My mother and her friends, however, took it as the gospel truth. My mom regularly told me that she wished she hadn’t had her heart broken by any of her pre-Dad relationships. She admitted that she still occasionally thought of her other boyfriends. Now, years later, I think that she was just unfulfilled and bored as well as supremely unhappy, because I was her confidante multiple times when her marriage was on the rocks (when I was wayyyyyy too young to healthily process any of what she told me). Then, my innocent little mind filed away all of that information, trusting that my mom knew best.

My parents also stigmatized normal relationships.

I don’t think they purposely created an environment where it was unsafe to bring someone home, because they’re pressuring me to settle down, find a guy, and give them grandkids. They were partially victims of their own assumptions – that Dad was somehow gifted with more wisdom than normal (which is bullshit. He’s a fool.), that he had the right to exercise absolute control over us, that his job was to protect me from myself and all of the depredations of lustful young men (even though when I was victimized he attacked me instead of protecting me, and ended up “protecting” me from people I didn’t need to be protected from, while ignoring the real threats), that I had to “guard my heart (a phrase I internalized too well, because I can’t fall in love for the life of me.),” and that anything less than their ideals of modesty, purity, and emotional distance was too “worldly,” which is a criticism my father leverages against literally everything he disagrees with… I still wince whenever I hear it, whether it’s warranted or not.

Thanks a lot, Dad.

They’re also ridiculously awkward and almost Victorian about romance and sex, and they deal with that by joking about it. It’s impossible to have a serious conversation about it. I literally have never brought, and never plan to bring, a guy home with me, because I’m just not sure if my family will chase him away at gunpoint, will be terribly awkward, or will accept him with open arms. And the worst part? They don’t know any of that, and aren’t open to being told, because they hear every criticism of their parenting skills as a judgment of them personally.
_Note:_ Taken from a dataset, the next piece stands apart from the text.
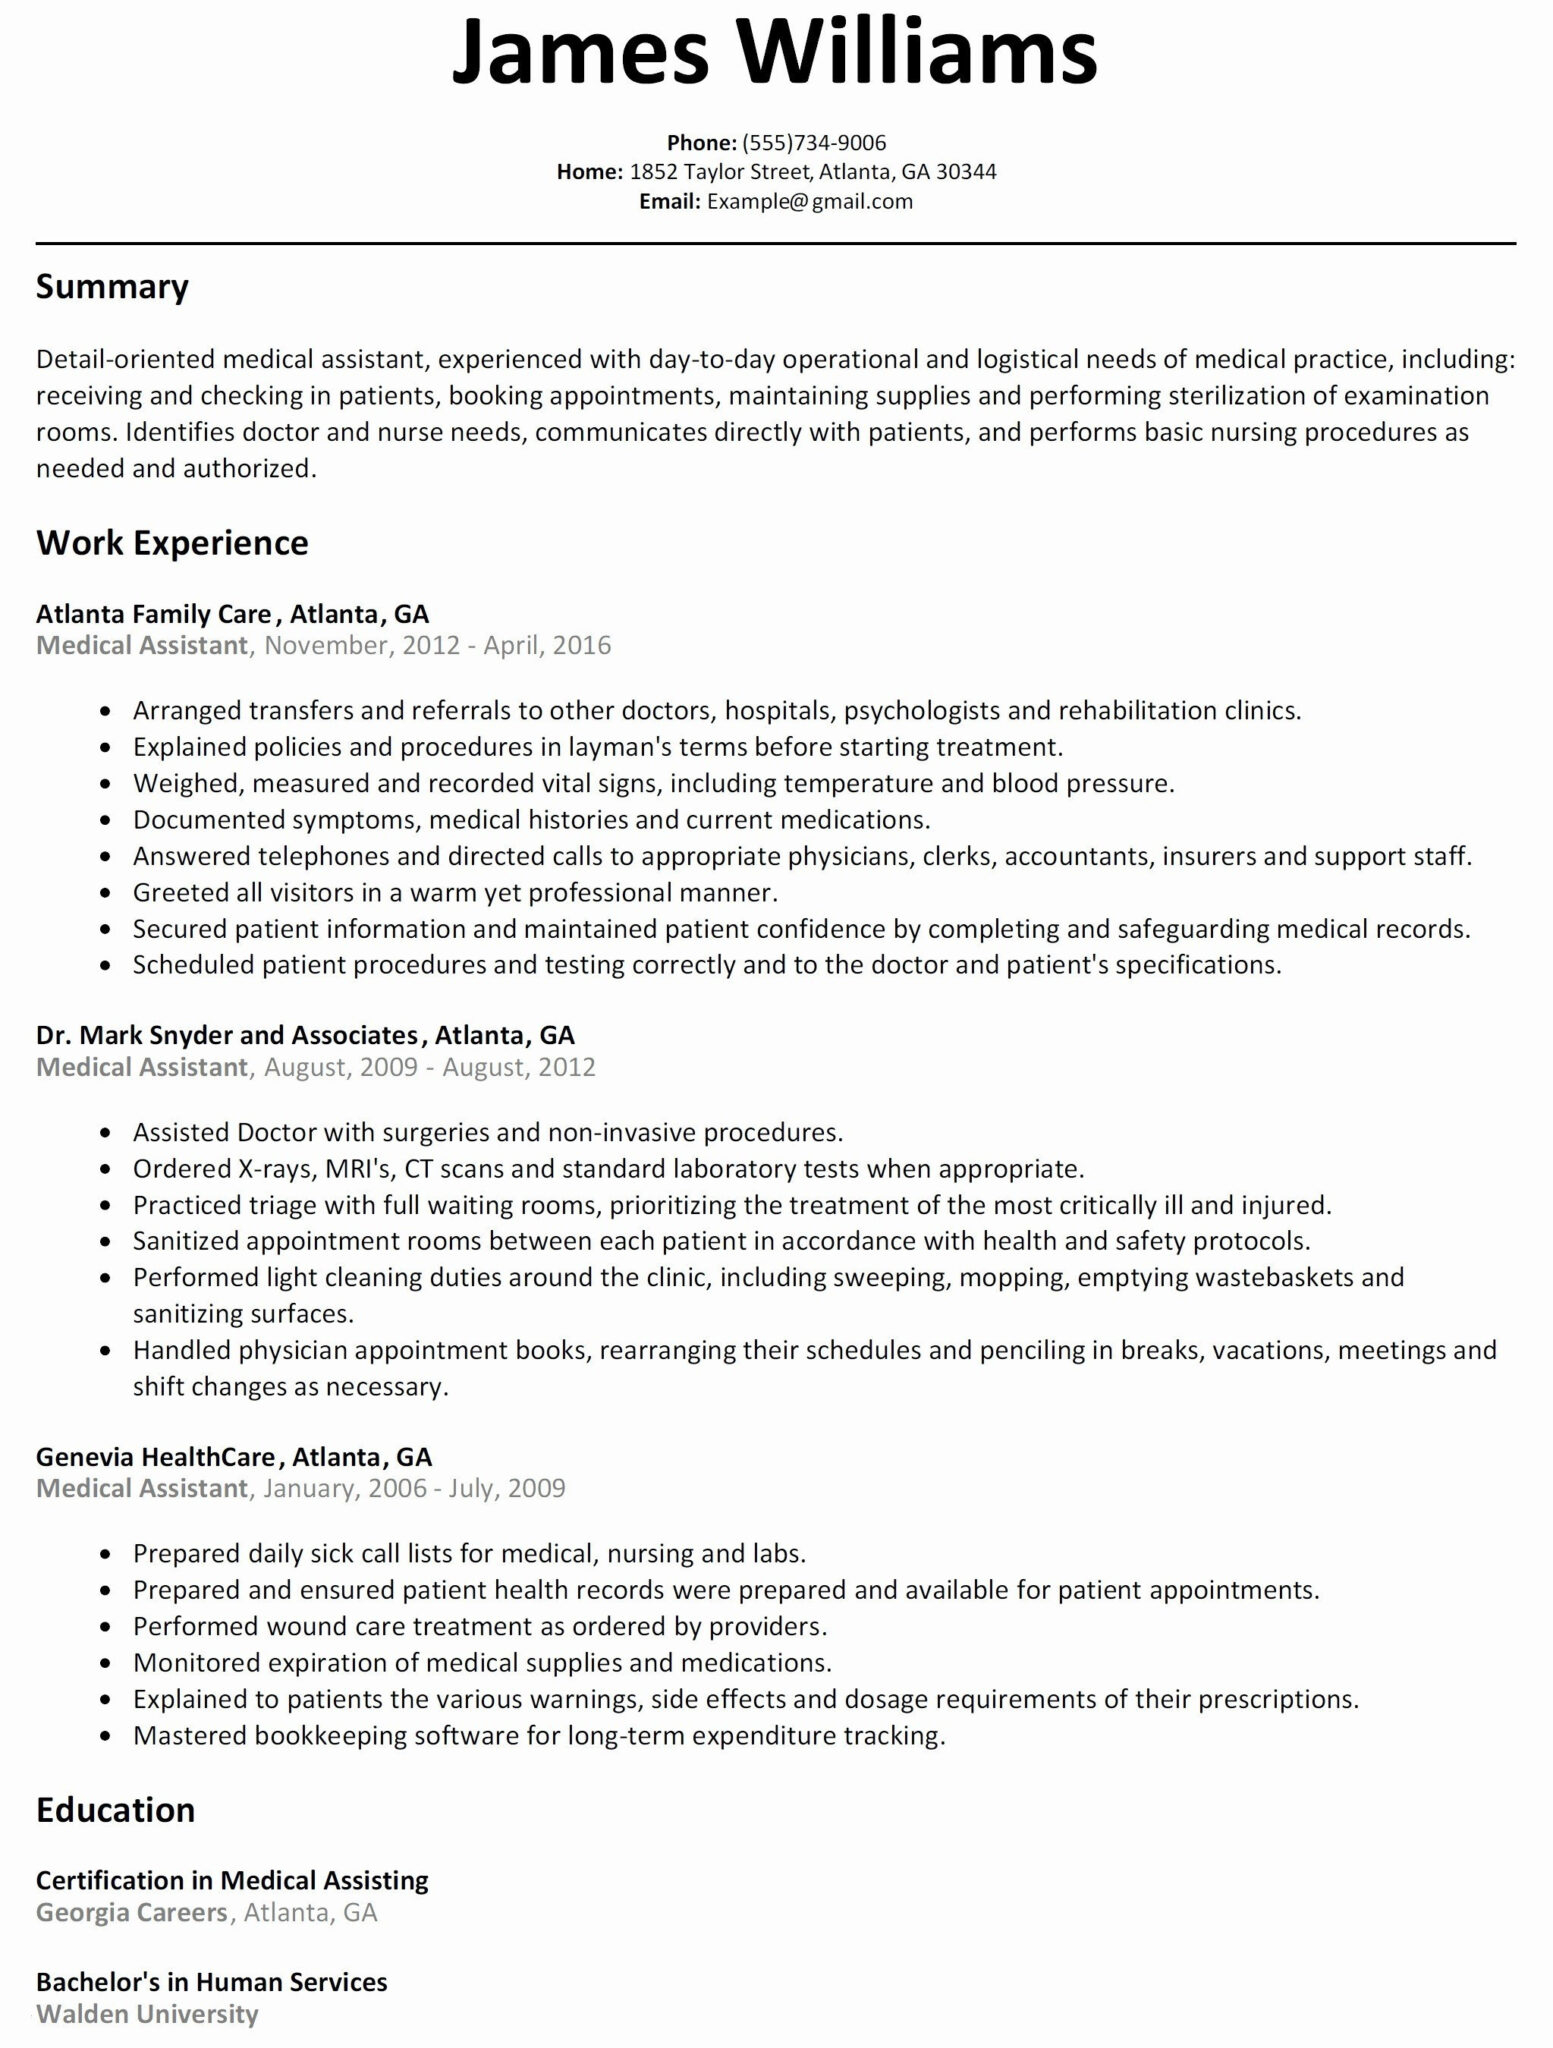 Free Creative Resume Templates Whereveralso Interesting In Regarding Simple Blank Resume Templates For Microsoft Word

My parents also tried (and failed) to enforce rigid gender roles for awhile. 

Since I have never been the most feminine woman ever, my parents lectured me more about that than basically anything else. I wear whatever the hell I want, don’t cook unless I have to (and have cussed my father out when he tries telling me to make him dinner), and swear like a sailor. I’ve never been meek and submissive. I’ve never accepted my mother’s demands to show respect to men (which means meekly assenting to whatever they ask me to do and never standing up for myself – which would have been disastrous in my relationship with James.). However, I’ve still internalized those lectures. I still feel like my body is dirty, and my modesty somehow a coat of armor.

I still feel guilty for loving more traditionally masculine things.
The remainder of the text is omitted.